第50章 安身立命 也值当不(第6页)
“你但说无妨。”
“我等在朝为官,究竟是求安身,还是求立命?”
“何出此言?”
崔慧缓慢地开口:“我自开蒙起便将‘忠君报国’奉为圭臬,寒窗苦读数十载,幸老天不负,让我如愿金榜登科,入朝为官。
这些年,我秉承着为君解忧,为民解难的使命奋斗不息。
身为御史,自是公正廉明,以身作则监察百官,我如此,都察院的同僚亦如是。”
齐煊道:“崔大人言行如一,自是好官。”
崔慧闷了一口酒,沉声道:“可我前些日子才发现,都察院竟有徇私舞弊的嫌疑。”
齐煊没想到他如此口出直言,面上虽不动声色,心中早已掀起巨浪,肃然道:“此话不可乱讲。”
“王爷可曾听闻过陆驰?”
齐煊摇头:“不曾。”
崔慧道:“此人在三十多年前考得会试第一,却在殿试前却突然获罪,被革除贡士之身,取消殿试资格,终生不得再考。”
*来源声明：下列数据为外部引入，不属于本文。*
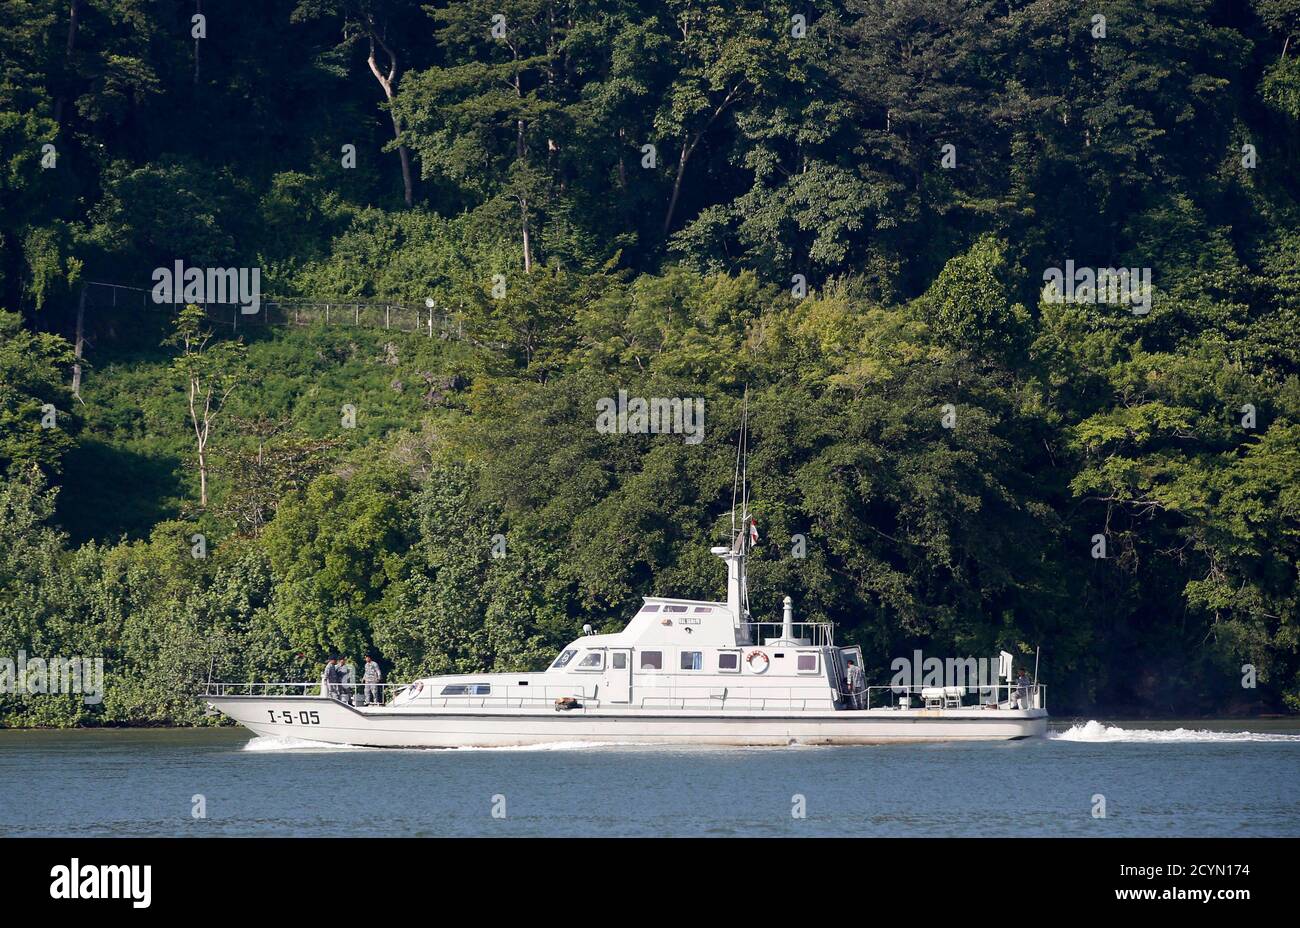 smør Politibetjent Vise dig An Indonesian patrol boat sails near the prison island of Nusakambangan  (background) where upcoming executions are expected to take place, in  Cilacap Central Java, March 9, 2015. Australia will reiterate its opposition
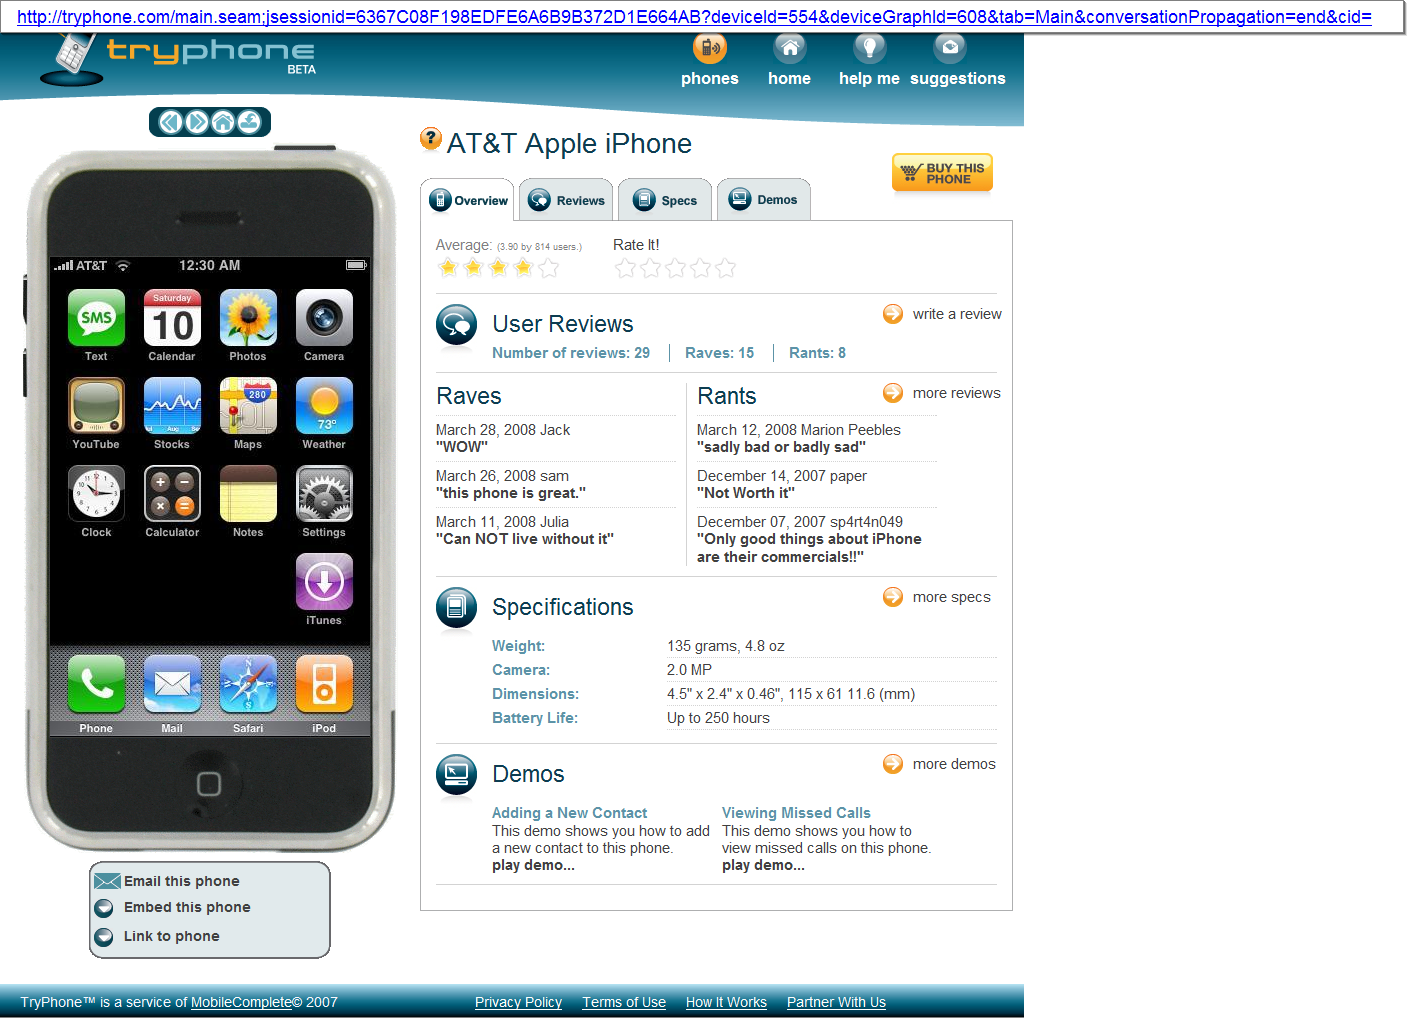 ['TryPhone+_+Phone+Details'+-+tryphone_com_main_seam;jsessionid=6367C08F198EDFE6A6B9B372D1E664AB_deviceId=554&deviceGraphId=608&tab=Main&conversationPropagation=end&cid=851263.png]

他从袖中摸出一张纸,放在齐煊面前:“当年殿试前他拟了一份名单称是殿试前十甲,去官府状告读卷官于殿试时徇私舞弊。
下场便是被打断手脚,祸及全家。
听说后来他在京中行乞为生,最后冲撞了龚泽的车驾,惨死街头。”
齐煊紧皱眉头,拾起纸展开一看,上方的名字多数是朝中赫赫有名的文臣,连左都御史都赫然在列。
左都御史便正是崔慧方才所提到的龚泽。
他素来敬重此人,此刻直呼其名,显然另有蹊跷。
齐煊再去看那名单,才发现那些人之中大部分都为龚泽的拥趸。
名门世家为巩固家族地位和权柄,以权谋私的事例不在少数,甚至往前数个几百年,前朝的朝廷重臣多由五姓七望的士族构建,科举不过是空有噱头。
但大齐立国后此等枉法行径已经不存在,并对徇私舞弊设有重罚律法。
齐煊折起纸,慢声道:“空口无凭,仅凭一张纸如何能信以为真?三十年前的殿试十甲而今随便翻阅卷宗就能得知。
前些日子听闻赵首辅邀你入府一叙,这些事是他告诉你的?”
崔慧闷着头,没再说话,喝了一杯又一杯。
二月初,赵执的确拟帖邀请他去府上一叙。
赵执掌内阁,拜文官之首,然因行事狠厉诡谲,剑走偏锋,在朝廷和民间向来是毁誉参半,也是都察院攻讦首要人物。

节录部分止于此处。